Plenty of things about our country and its policies are open to criticism, including immigration. In his syndicated column in The Washington Post recently, Charles Krauthammer addressed this problem with the headline, “Assimilation, not immigration, is the key.”

He noted that our relative success in Afghanistan after ousting the Taliban was due in large part to the fact that our ambassador there was an Afghan-born Afghan-American. This man spoke the language and understood the culture of Afghanistan, Krauthammer said.

The columnist concluded, “It is not every country that can send to obscure, faraway places envoys who are themselves children of that culture. Indeed, Americans are the only people that can do that for practically every country.”

That’s true because ours is a nation of immigrants. Like most folks, I don’t know any Native Americans personally except through reading Tony Hillerman mystery novels or the pages of National Geographic. All the people I know, including the members of my family, are either immigrants to this country or are descended from immigrants.

Krauthammer wrote, “America’s genius has always been assimilation, taking immigrants and turning them into Americans. Yet our current debates on immigration focus on only one side of the issue: the massive waves of illegal immigrants that we seem unable to stop.”

He said critics focus on today’s large number of Hispanic immigrants as though this makes them unable to be assimilated, when “in fact, the percentage of foreign-born people living in America today is significantly below what it was in 1890 and 1910—and those were spectacularly successful immigrations.”

While increased border patrols, guest worker passes and the like will help the illegal situation, he said, they won’t solve the more serious problem of division between Hispanic newcomers and established Americans.
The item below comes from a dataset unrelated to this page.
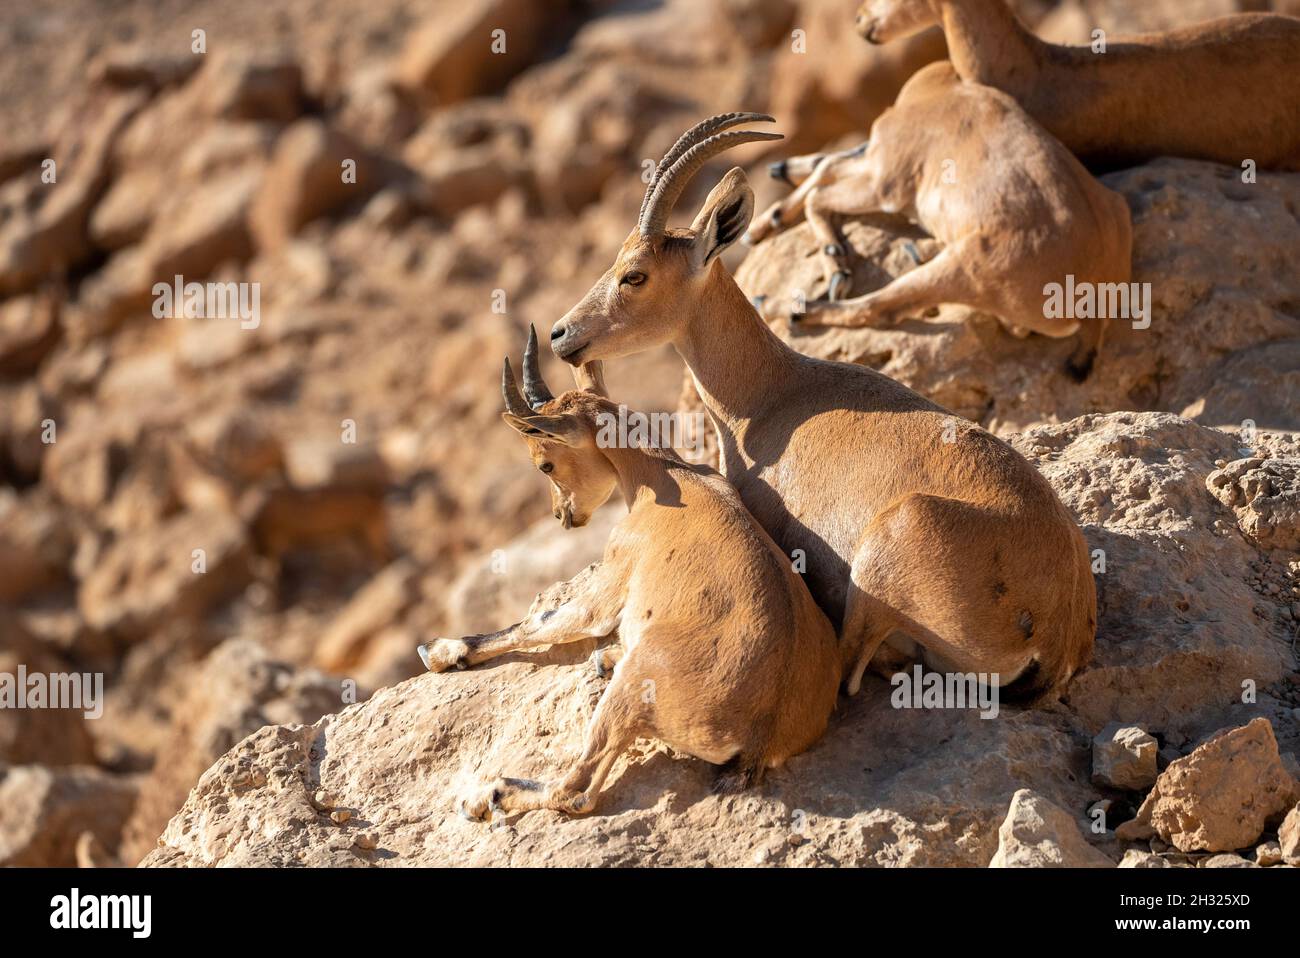 Femmina Nubian Ibex (Capra ibex nubiana AKA Capra nubiana) che si prende cura della sua giovane fotografata in Israele, nel deserto di Negev nel mese di ottobre Foto Stock

What is needed is their assimilation into the fabric of American society, especially through learning to speak, read and write English.

Certainly, we in the Church can be proud of efforts, such as Archbishop Daniel M. Buechlein’s weekly Criterion column in both Spanish and English, to help Spanish-speaking immigrants. At the same time, many Church agencies are working to teach English to Hispanic parents or to find better-paying jobs, better living arrangements and the like, while their children learn English at school.

Hispanics and other immigrants, as well as we who have been Americans longer, can continue to be proud that we live in a country where every culture, religion, race or language is respected and assimilated into a democratic whole.

God bless America.

(Cynthia Dewes, a member of St. Paul the Apostle Parish in Greencastle, is a regular columnist for The Criterion.)